(Beginning of DATA SUPPLIED)

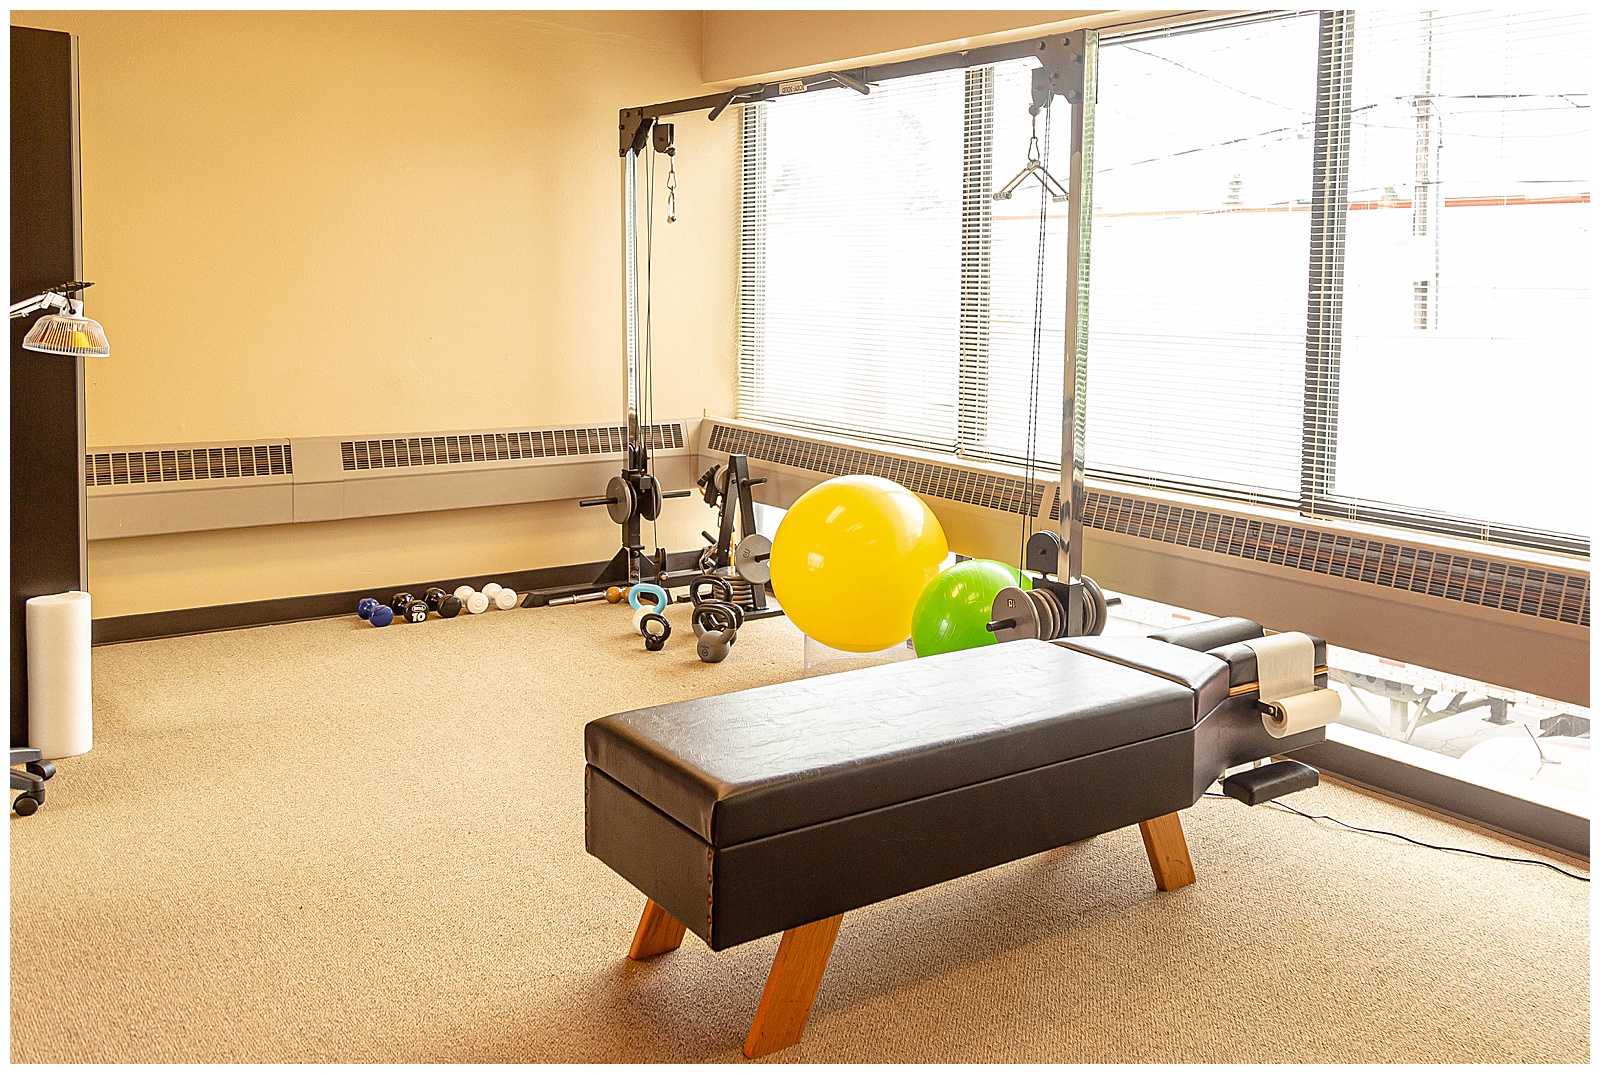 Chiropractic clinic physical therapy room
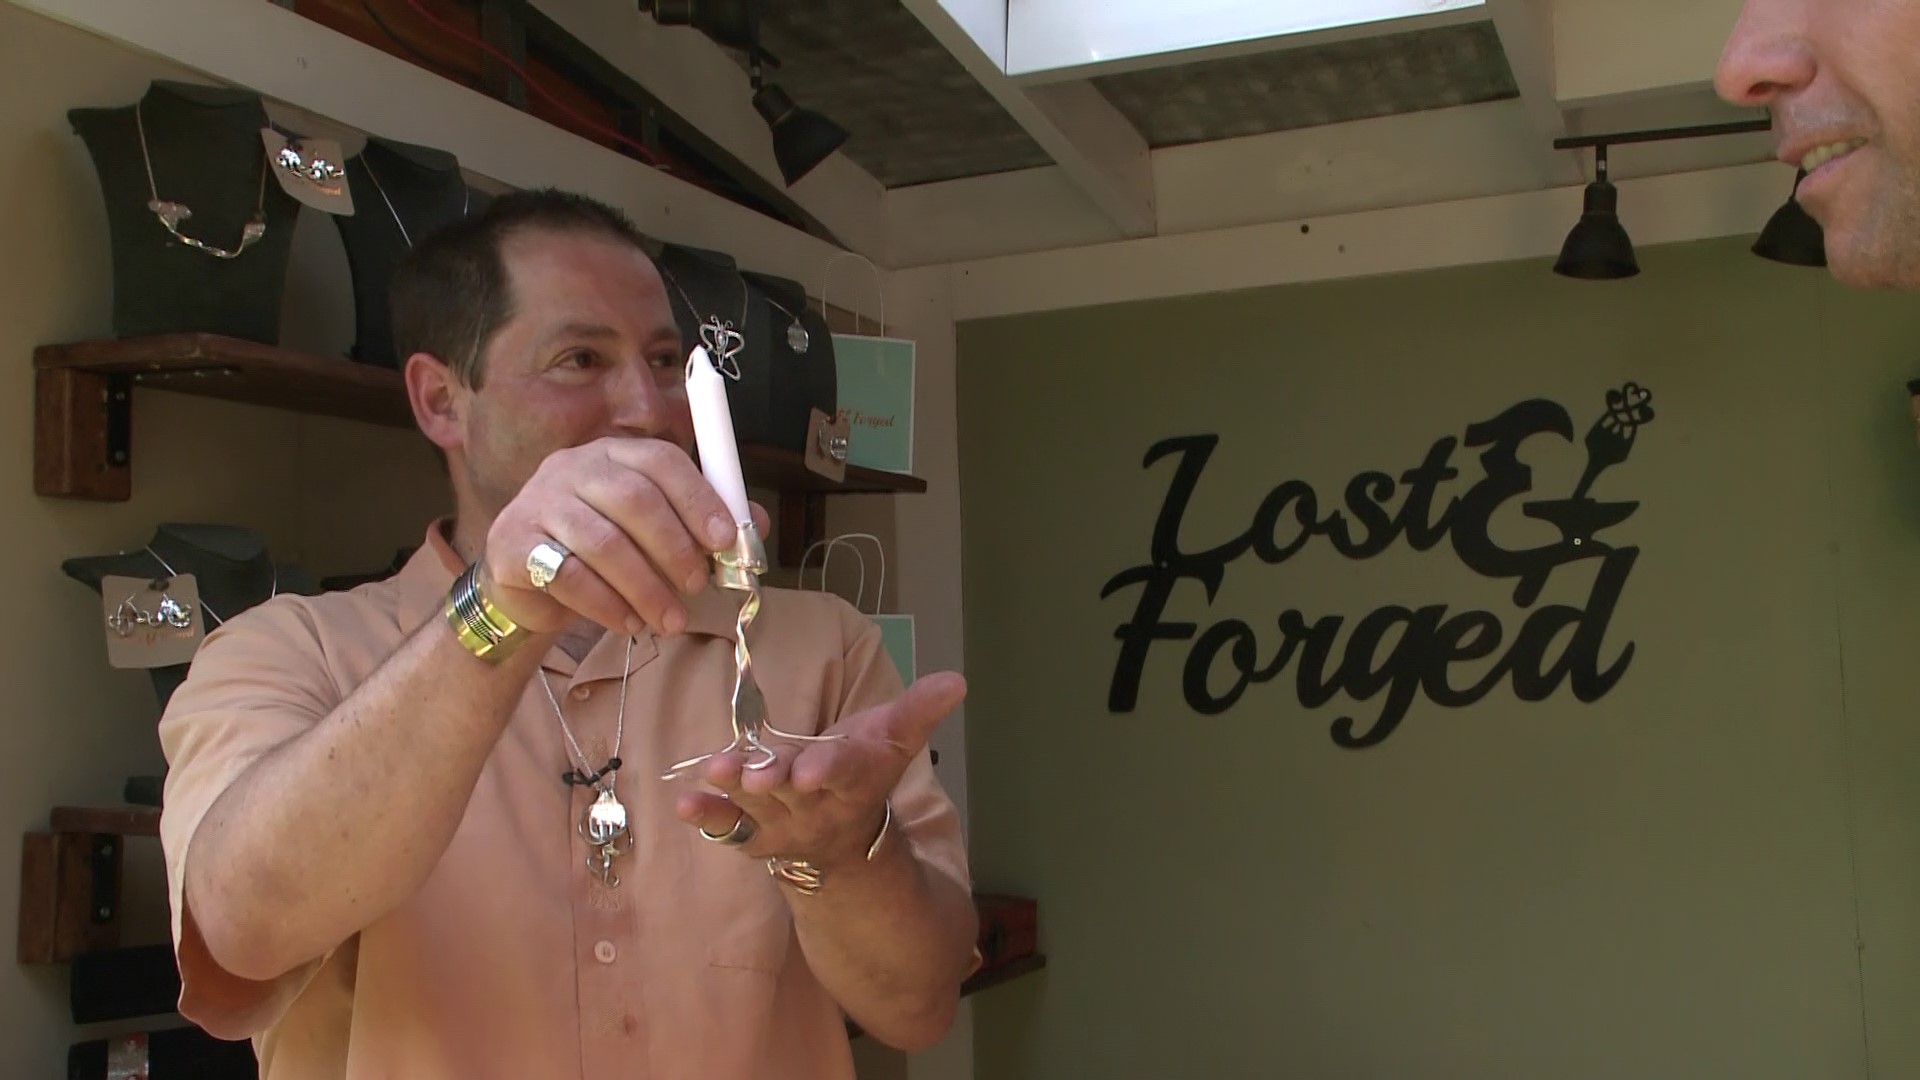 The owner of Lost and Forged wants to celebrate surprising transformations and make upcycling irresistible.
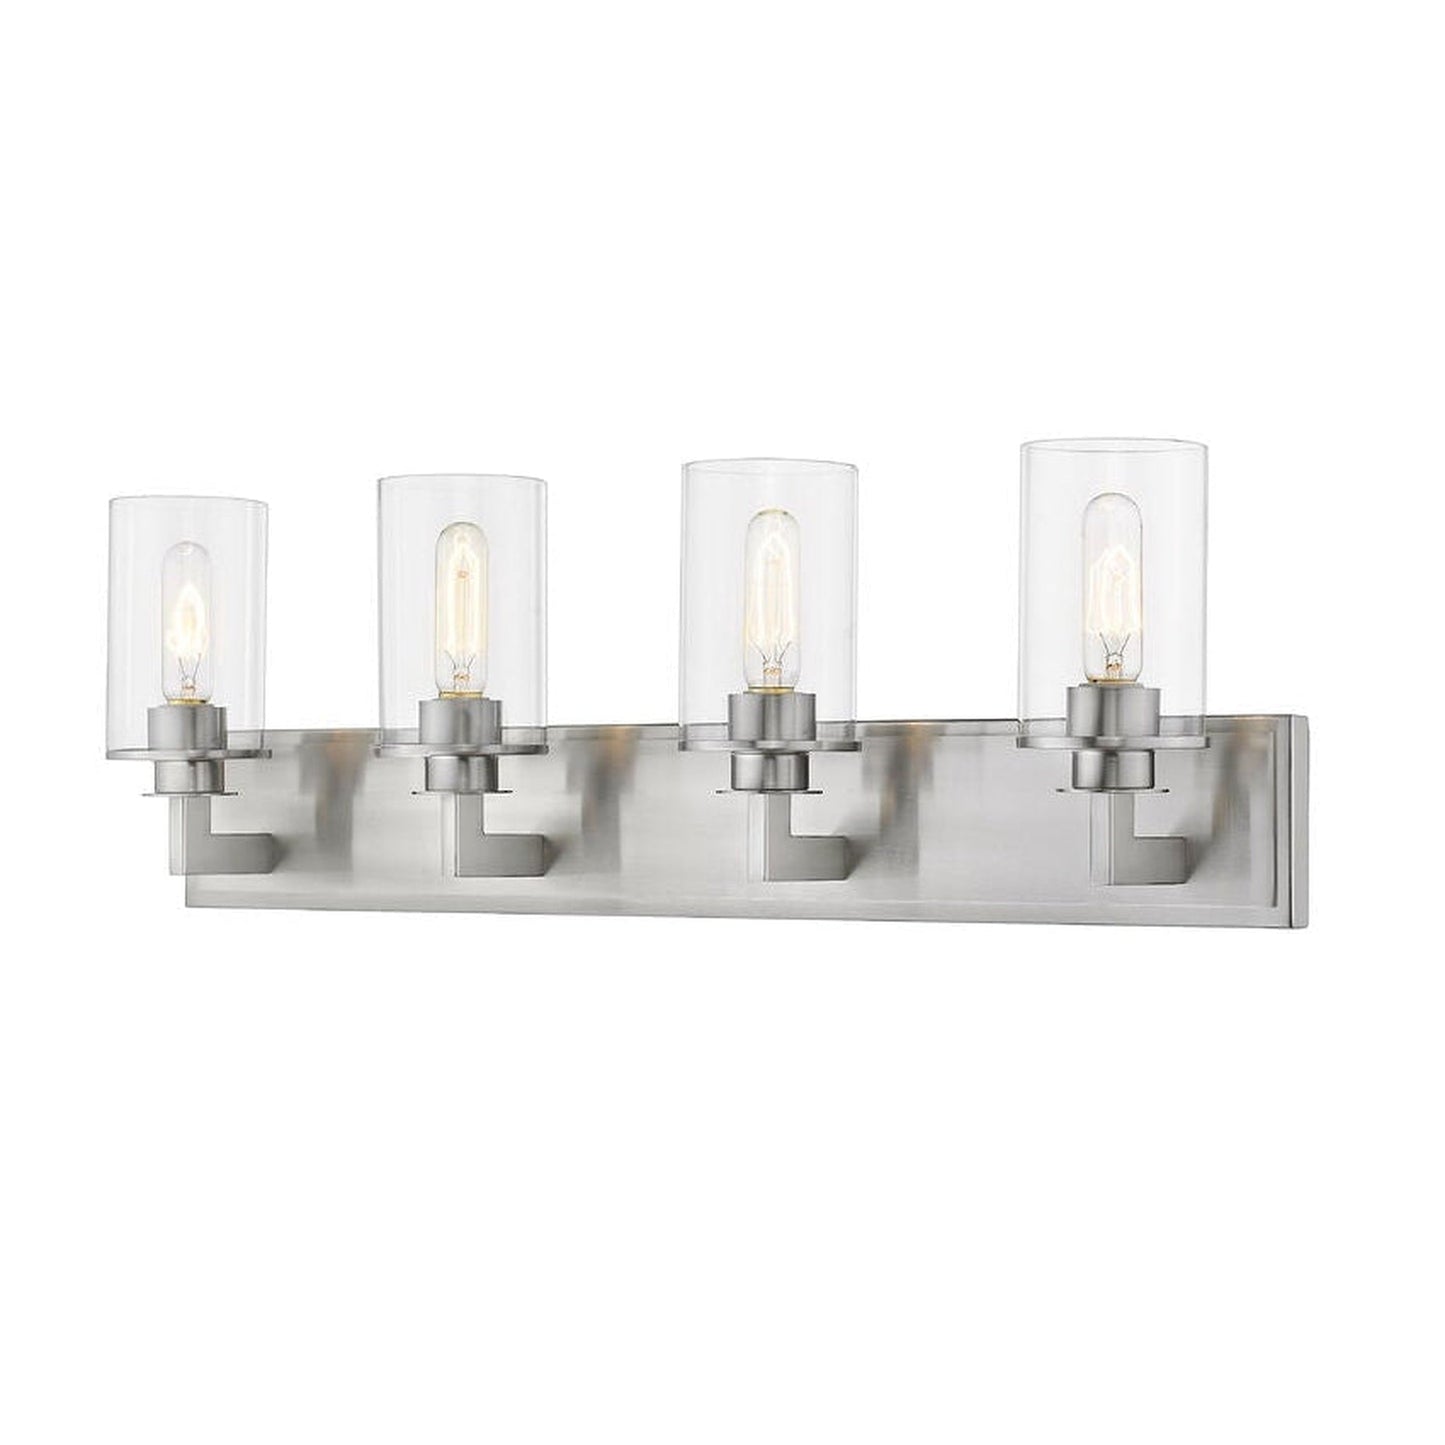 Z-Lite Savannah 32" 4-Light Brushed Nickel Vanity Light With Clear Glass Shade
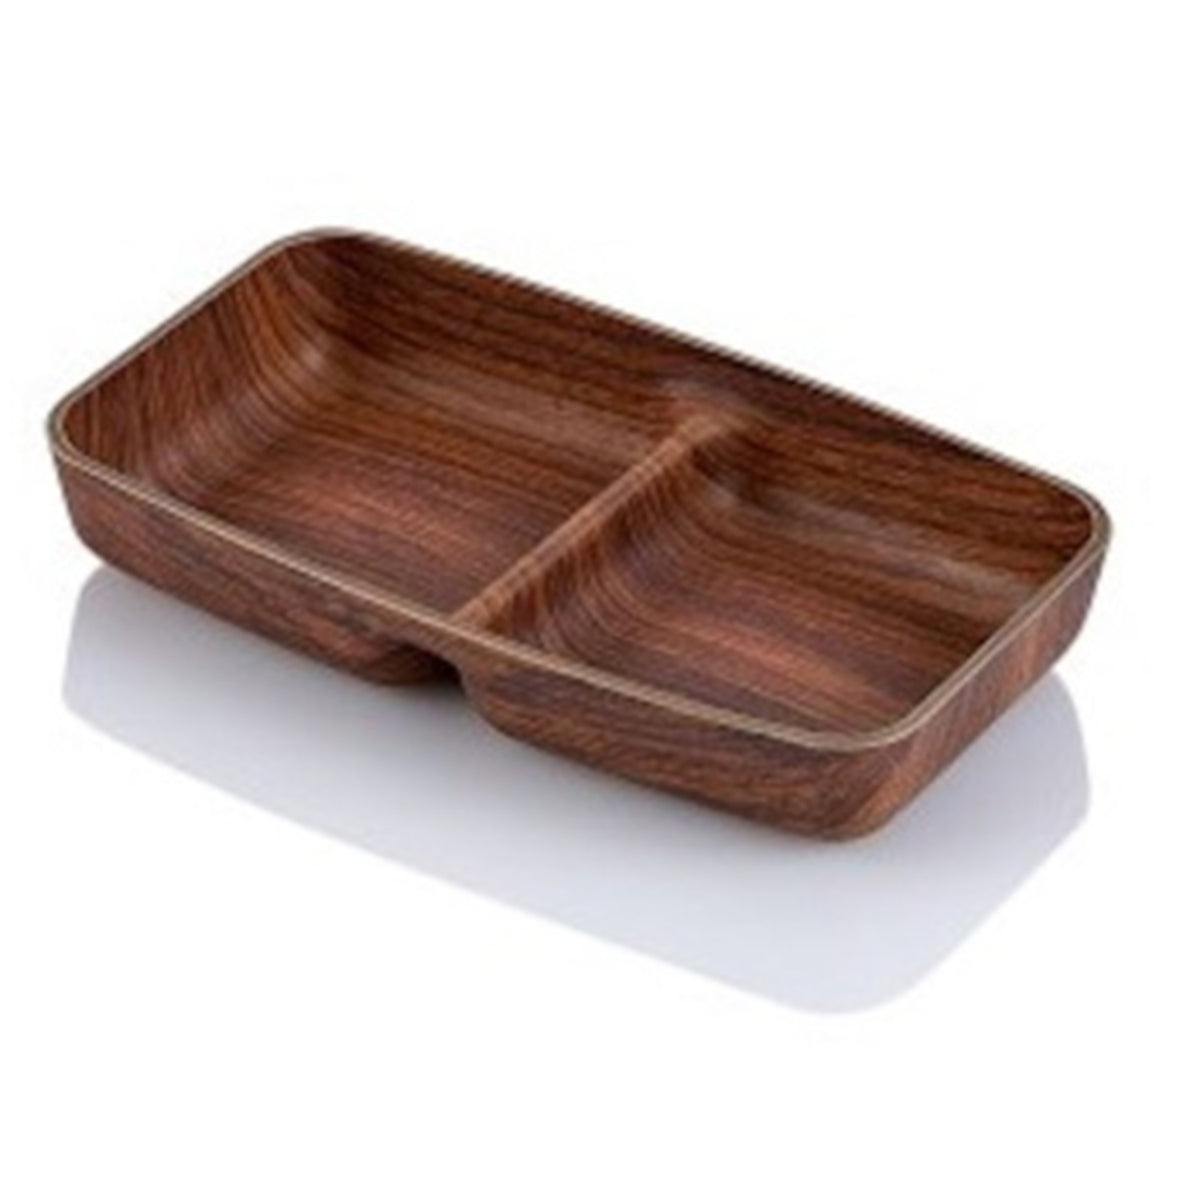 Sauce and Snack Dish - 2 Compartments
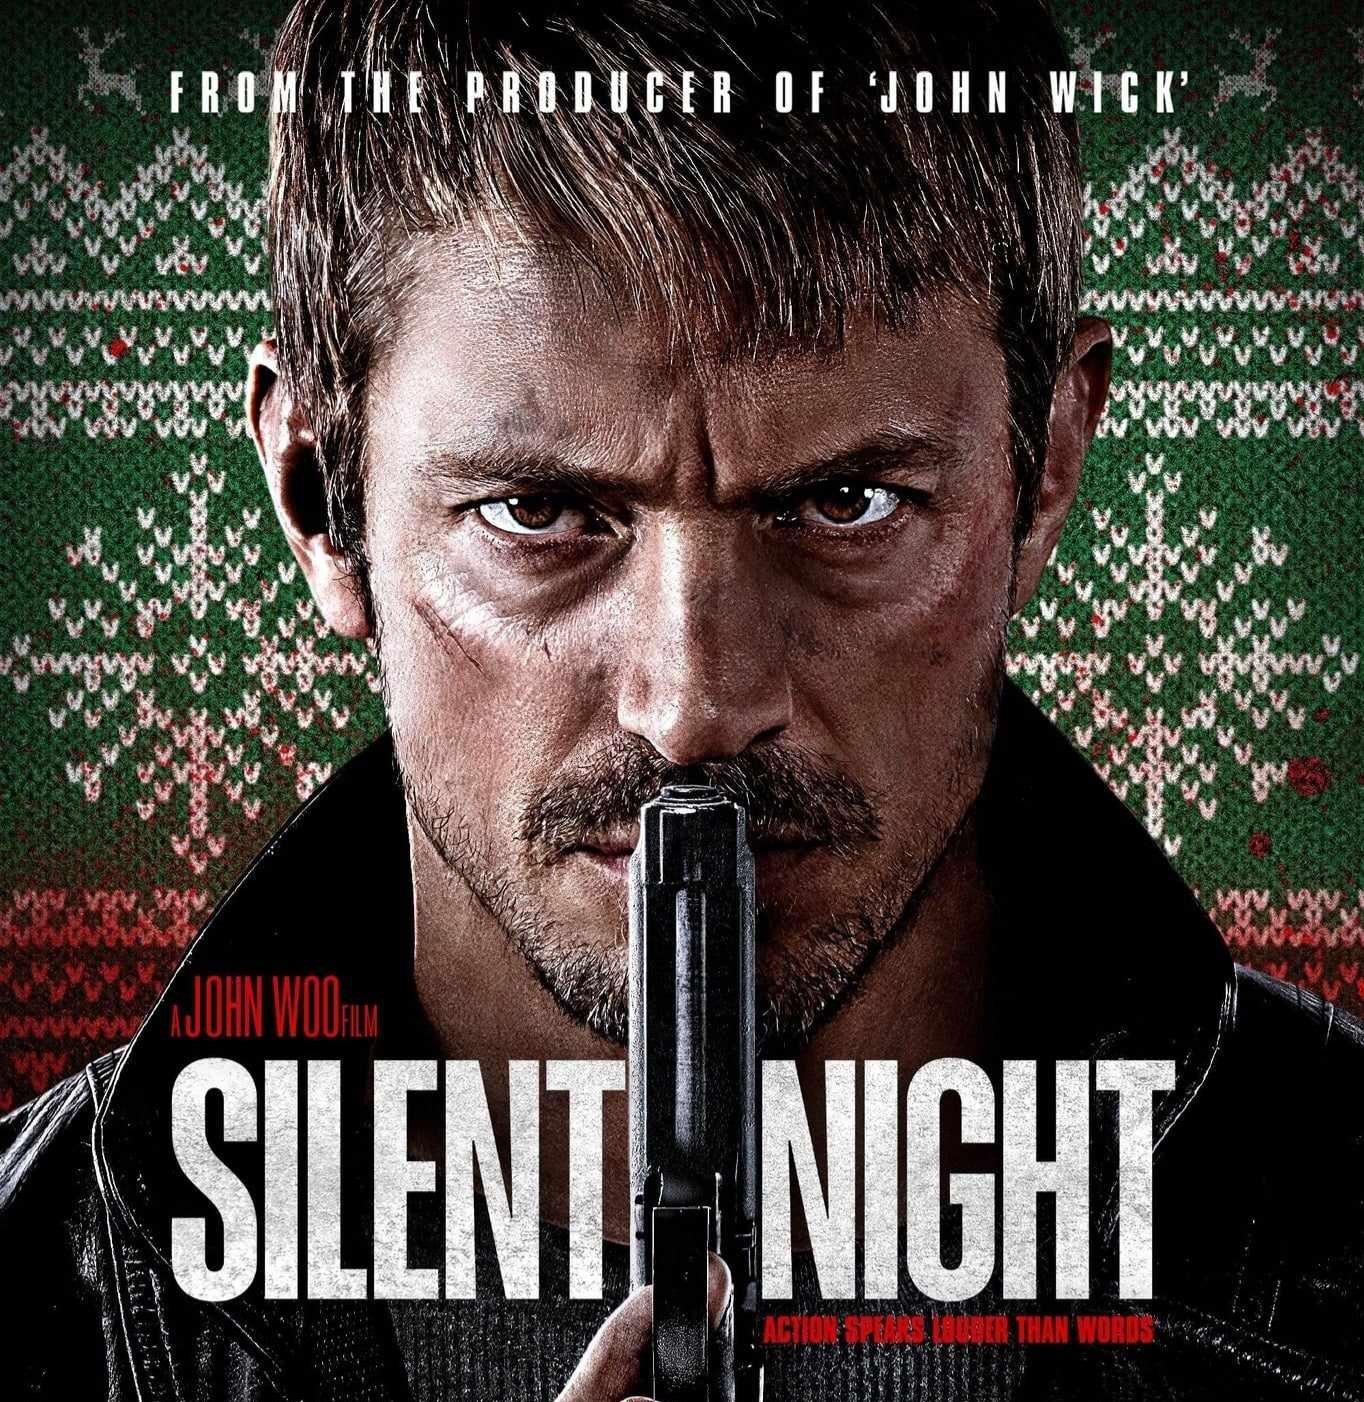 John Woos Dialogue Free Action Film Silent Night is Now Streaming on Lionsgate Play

(End of DATA SUPPLIED)

**ABOUT THIS TASK**
All lines from the one containing "Sauce and Snack Dish - 2 Compartments" through the final line of the entries above are to be copied exactly; the pictures are not.

**RESPONSE**
 Sauce and Snack Dish - 2 Compartments
 John Woos Dialogue Free Action Film Silent Night is Now Streaming on Lionsgate Play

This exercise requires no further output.